If I ran the function that I am trying to create on Example #1 I am hoping it'd return 3 words. For Example #2 I'd hope that my function returns 8 words.
So far my function looks like this:
function doPost(e) {
var docUrl = e.parameter.docUrl
var text = DocumentApp.openByUrl(docUrl).getBody().getText()
var wordCount = text.split(" ").length
return ContentService.createTextOutput(wordCount.toString()).setMimeType(ContentService.MimeType.TEXT)
}
This returns a word count for the entire document. Any advice to point me in the right direction?
For more dynamic, appropriate and accurate solution, execute the following snippets before the split () function. Regular Expressions often used to provide dynamic solutions. It is a must have skill.
text = text.replace(/(^\s*)|(\s*$)/gi,""); // remove the start and end spaces of the string (like trim ())

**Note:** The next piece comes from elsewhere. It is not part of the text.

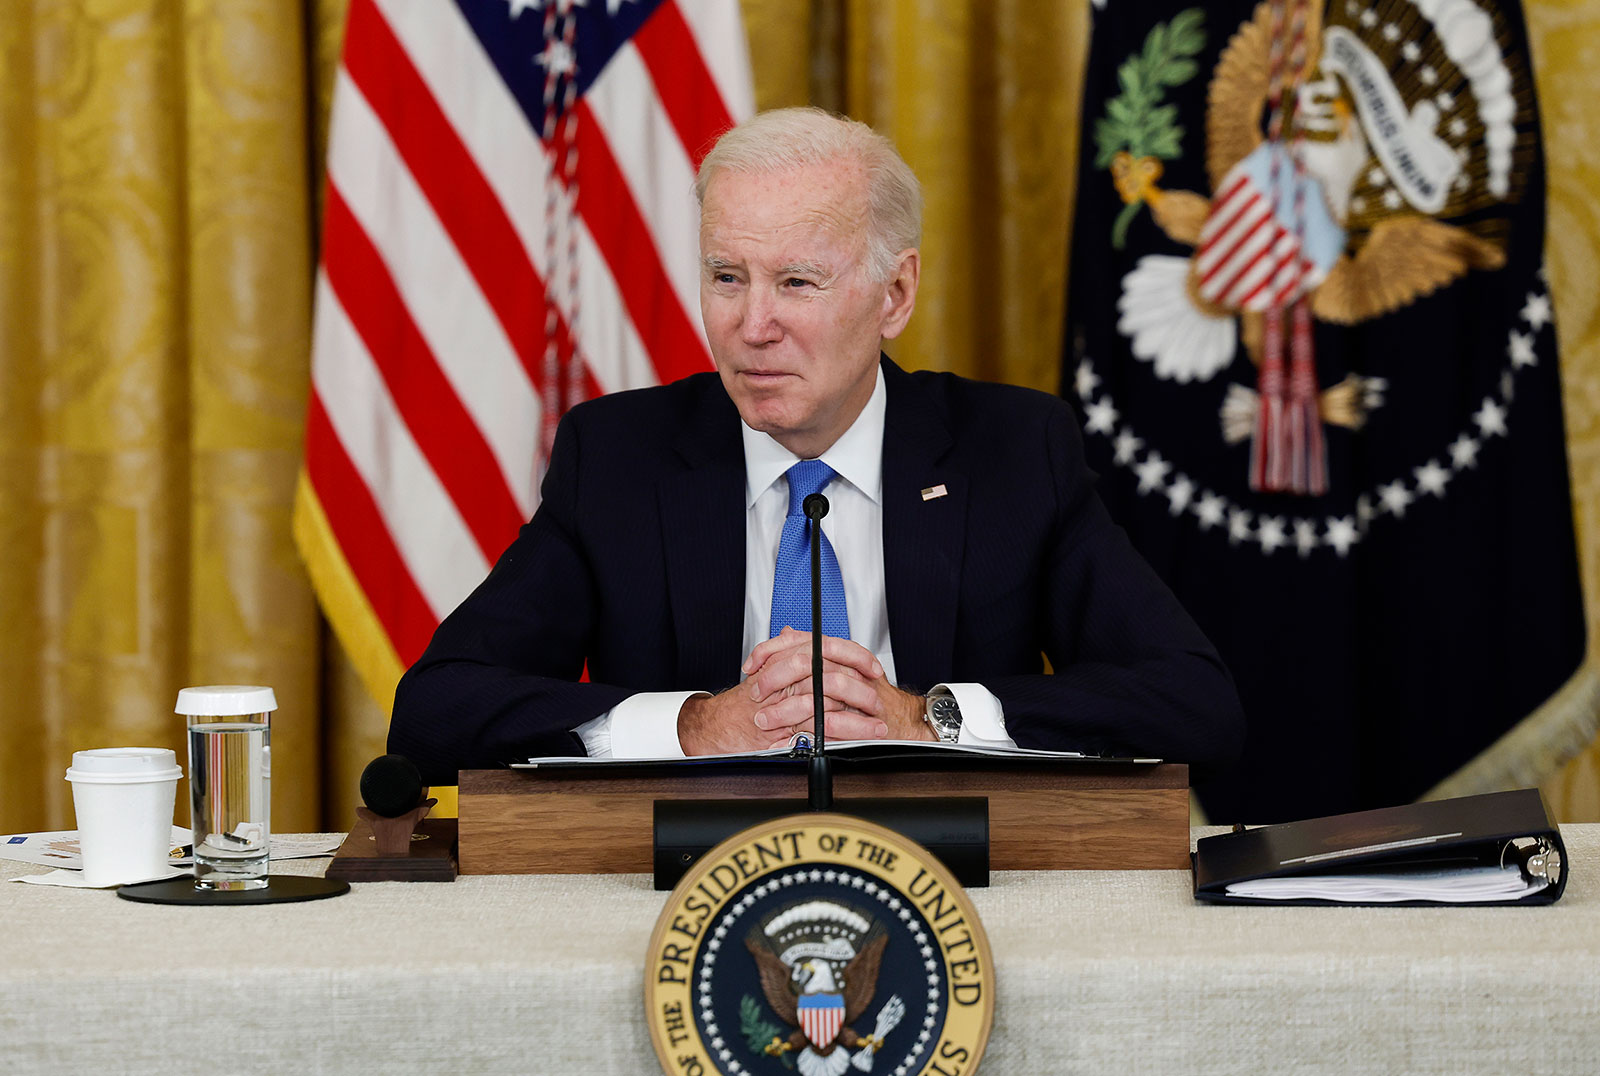 President Joe Biden gives remarks at the White House on Friday in Washington, DC.

text = text.replace(/[ ]{2,}/gi," "); // filter out one or more spaces
text = text.replace(/\n /,"\n"); // filter out news lines with spacing at beginning
wordCount = text.split(" ").length;
Here is a solution to your problem you can log the difference of characters and words or you can log the total amount of words or characters in the two sentaces. You are also going to want to put the bigger sentence on top, otherwise it will give you a negative number.

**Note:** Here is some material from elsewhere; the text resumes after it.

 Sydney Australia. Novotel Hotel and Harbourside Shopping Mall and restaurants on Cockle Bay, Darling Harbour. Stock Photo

var x = "count these words";
var y = "count words";
function findCharDif(word1, word2) {
var word1length = word1.length;
var word2length = word2.length;
var difference = word1length - word2length;
var total = word1length + word2length;
console.log(difference);
console.log(total);
}
function findWordDif(sentence1, sentence2) {
var words1 = 0;
var words2 = 0;
for (var i = 0; i < sentence1.length; i++) {
if (sentence1[i] == " ") {
words1++;
} else {
continue
}
}
for (var a = 0; a < sentence2.length; a++) {
if (sentence2[a] == " ") {
words2++;
} else {
continue
}
}
var difference = (words1 + 1) - (words2 + 1); // this logs out the difference of words between the sentences
var totalWords = (words1 + 1) + (words2 + 1); // this logs out the total amount of words
console.log(difference);
console.log(totalWords);
}
findCharDif(x, y);
findWordDif(x, y);
The below code seems to have worked! Was able to sit down with someone and solve it with them:
function doPost(e) {
var docUrl = e.parameter.docUrl
/*
var text = DocumentApp.openByUrl(docUrl).getBody().getText()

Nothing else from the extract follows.